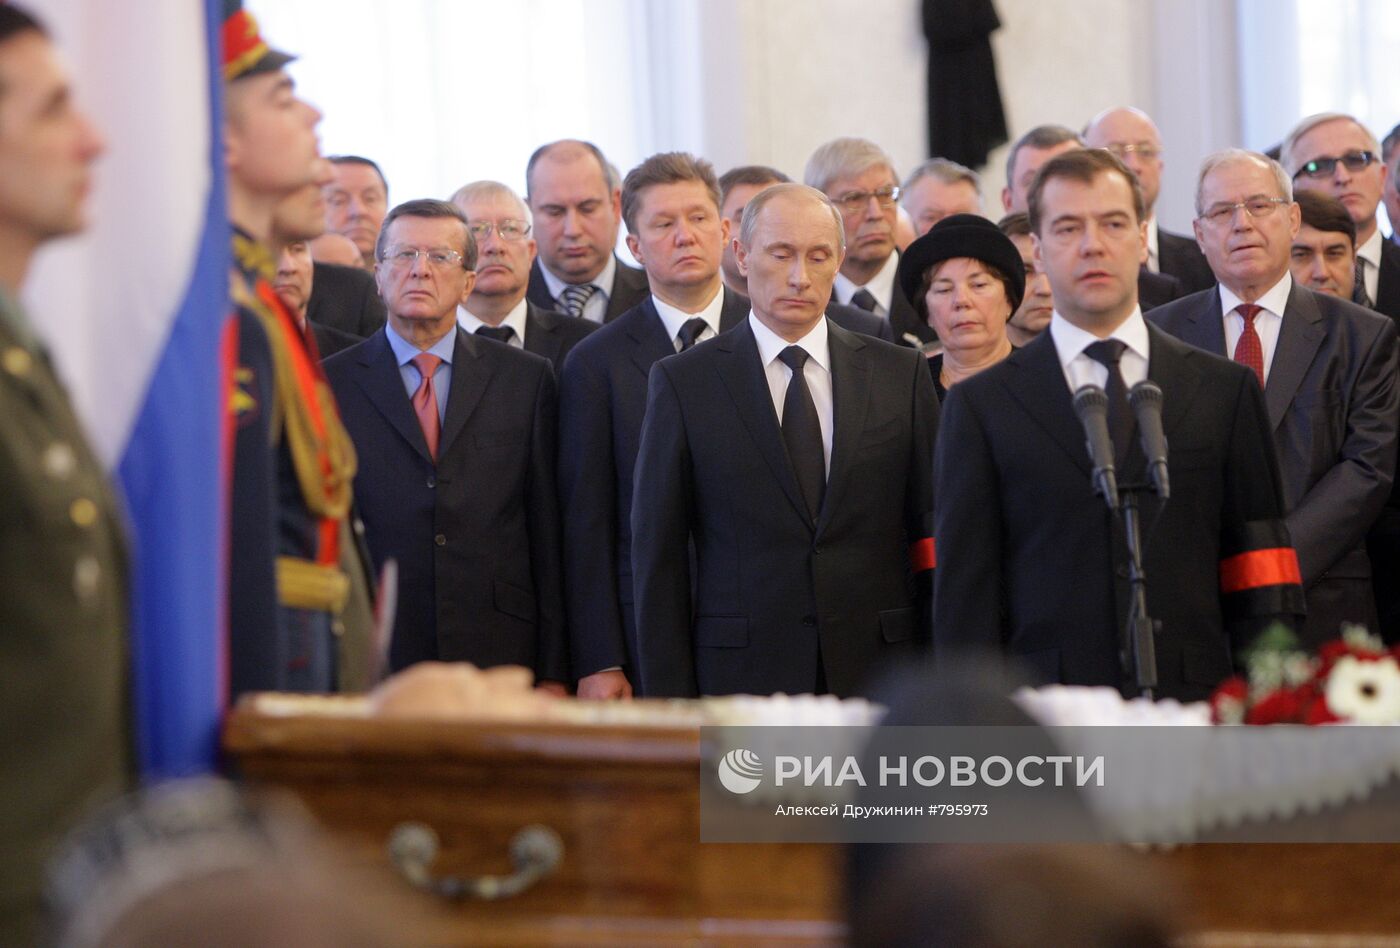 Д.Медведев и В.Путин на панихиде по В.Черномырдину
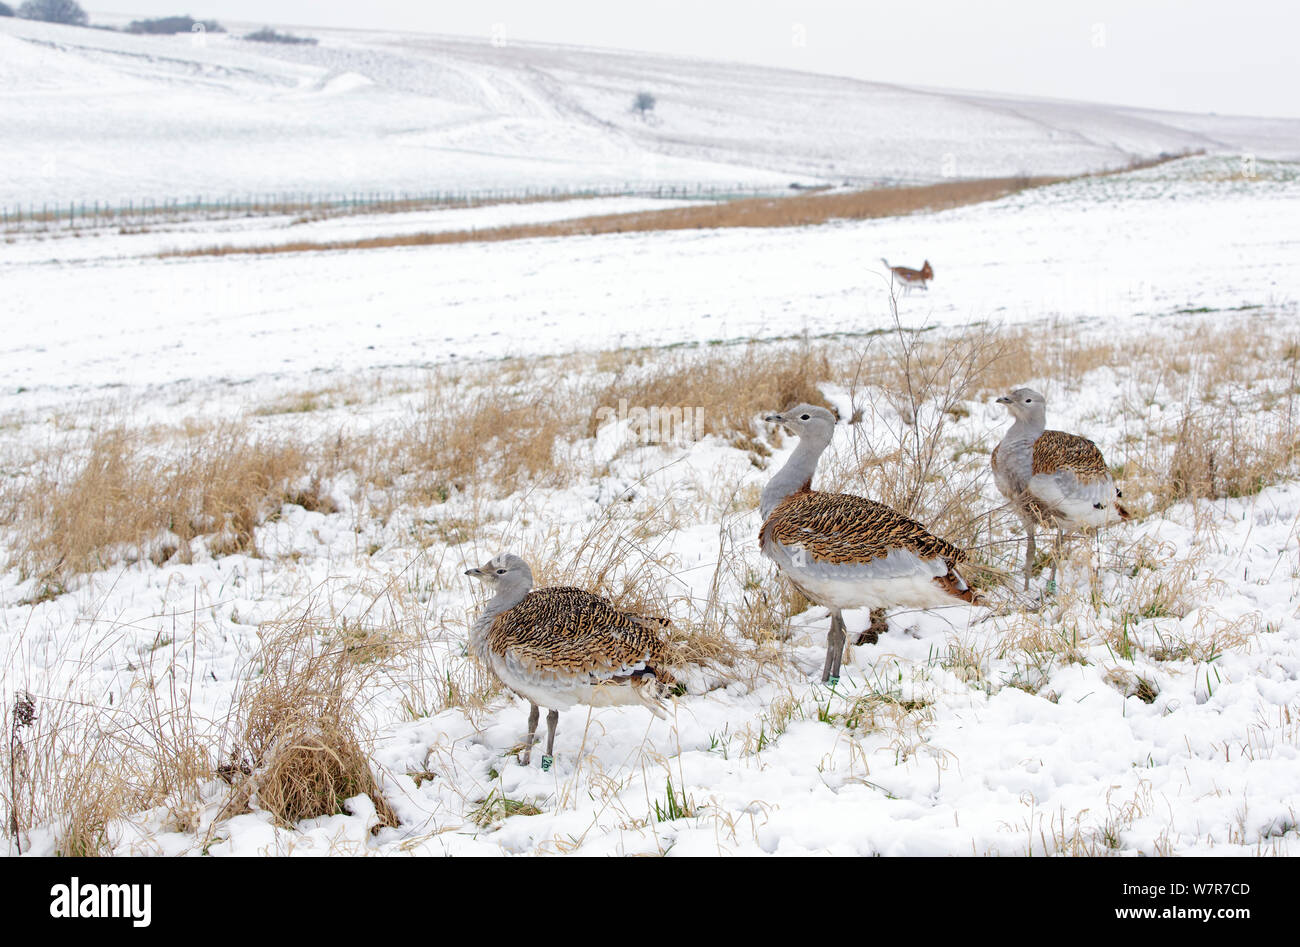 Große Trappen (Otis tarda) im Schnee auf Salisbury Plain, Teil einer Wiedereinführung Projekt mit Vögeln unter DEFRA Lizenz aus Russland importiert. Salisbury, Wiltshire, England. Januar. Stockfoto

******************************

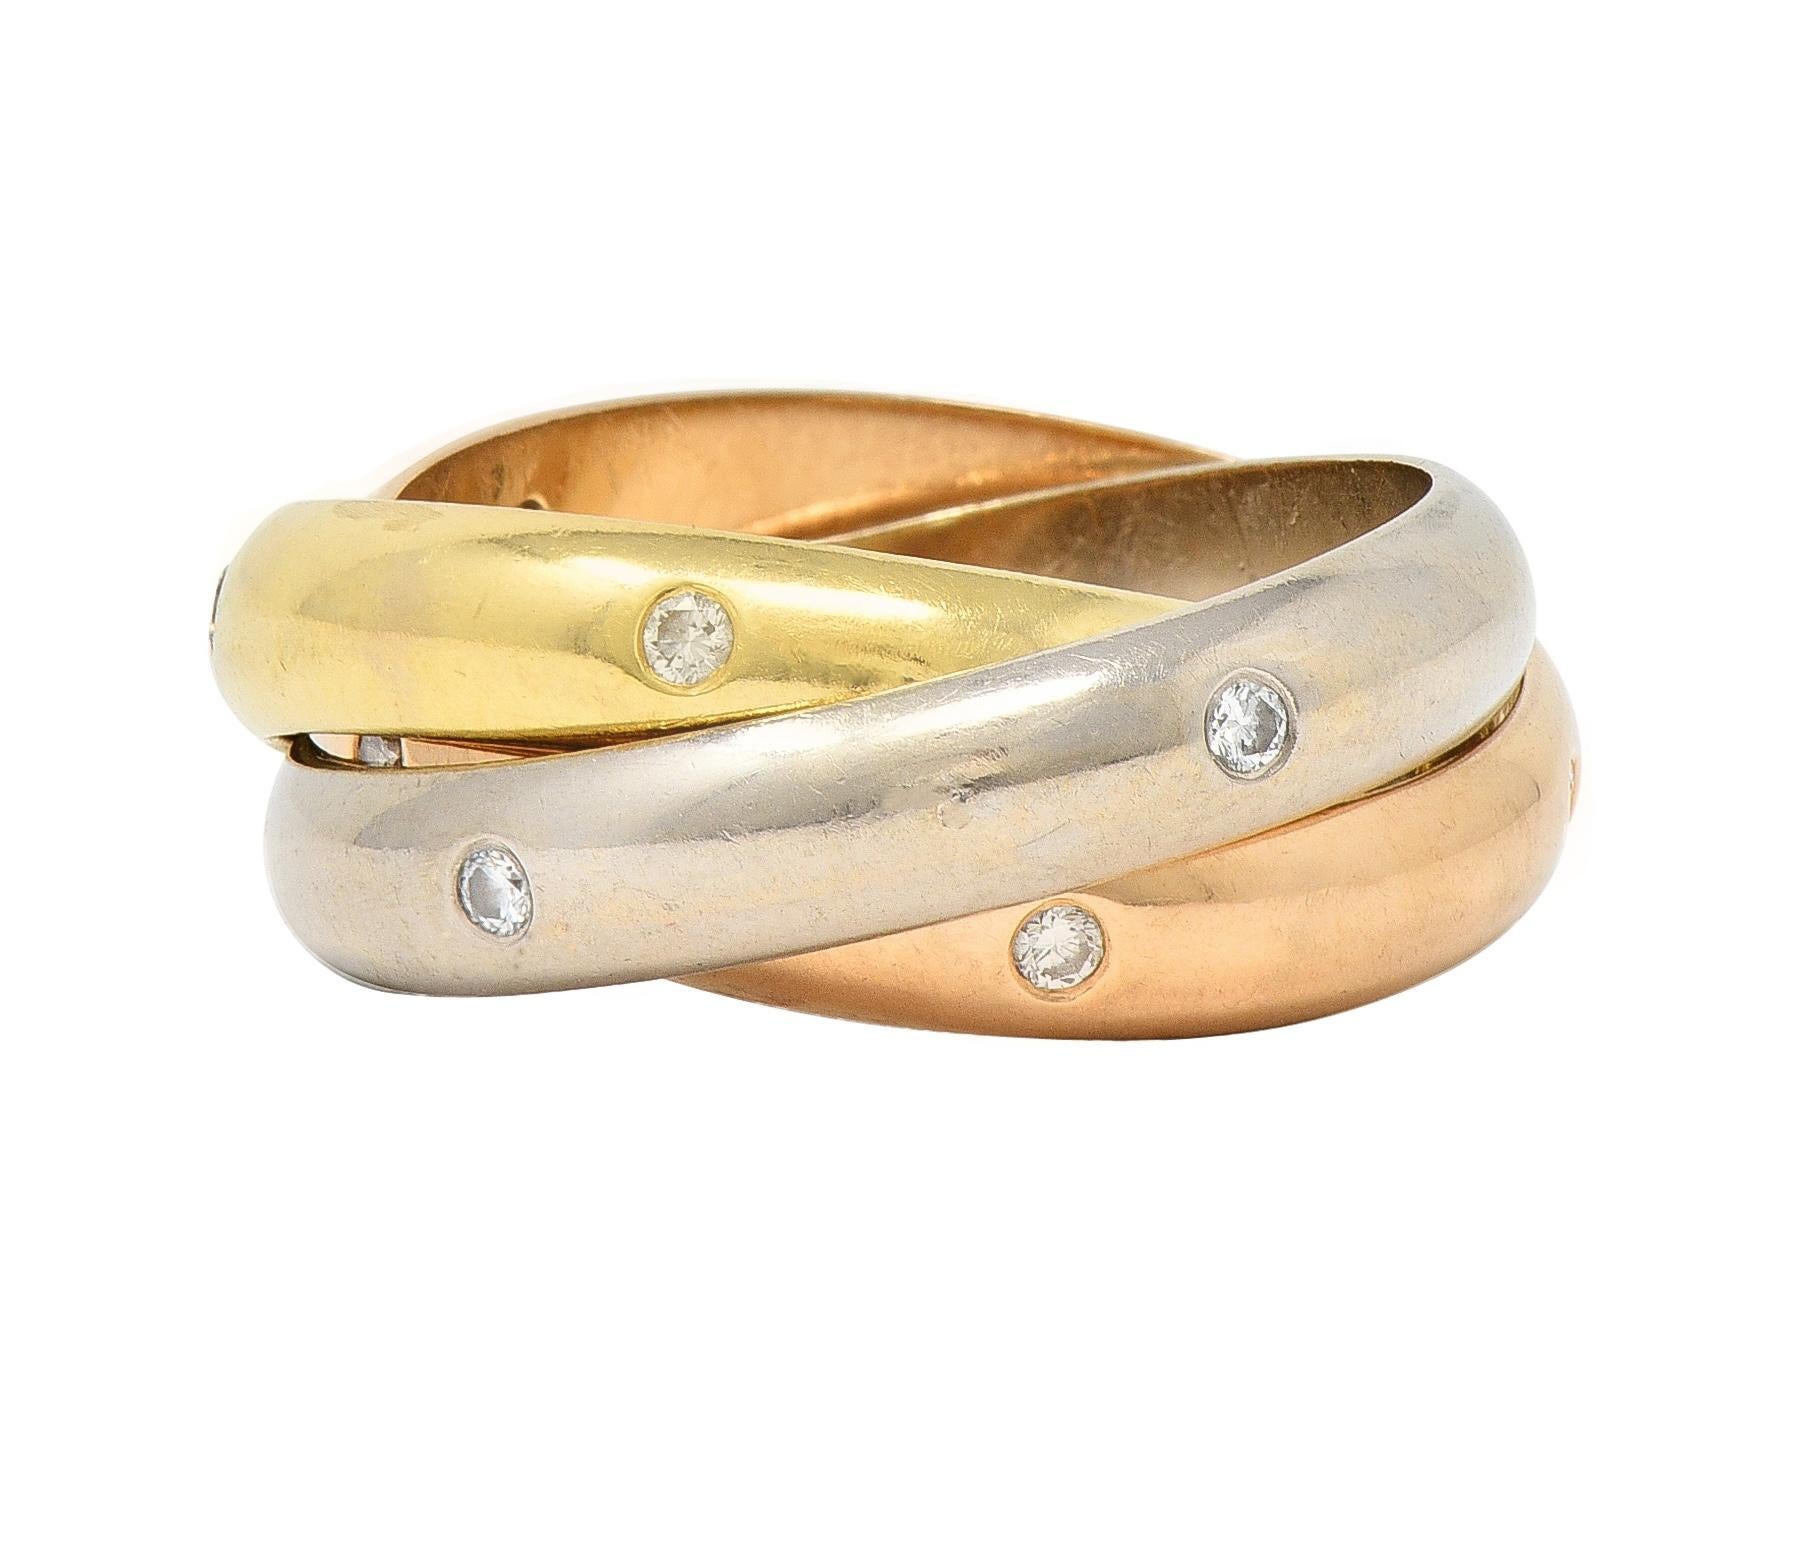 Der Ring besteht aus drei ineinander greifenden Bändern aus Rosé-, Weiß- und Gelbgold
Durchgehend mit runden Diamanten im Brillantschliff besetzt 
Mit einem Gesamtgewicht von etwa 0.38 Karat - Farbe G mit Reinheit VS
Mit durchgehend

******************************

*Action item*: Please return the material above only from the line that holds "Д.Медведев и В.Путин" through the line that holds "Große Trappen (Otis", exactly as it stands, ends included and pictures omitted.

*Your response*:
 Д.Медведев и В.Путин на панихиде по В.Черномырдину
 Große Trappen (Otis tarda) im Schnee auf Salisbury Plain, Teil einer Wiedereinführung Projekt mit Vögeln unter DEFRA Lizenz aus Russland importiert. Salisbury, Wiltshire, England. Januar. Stockfoto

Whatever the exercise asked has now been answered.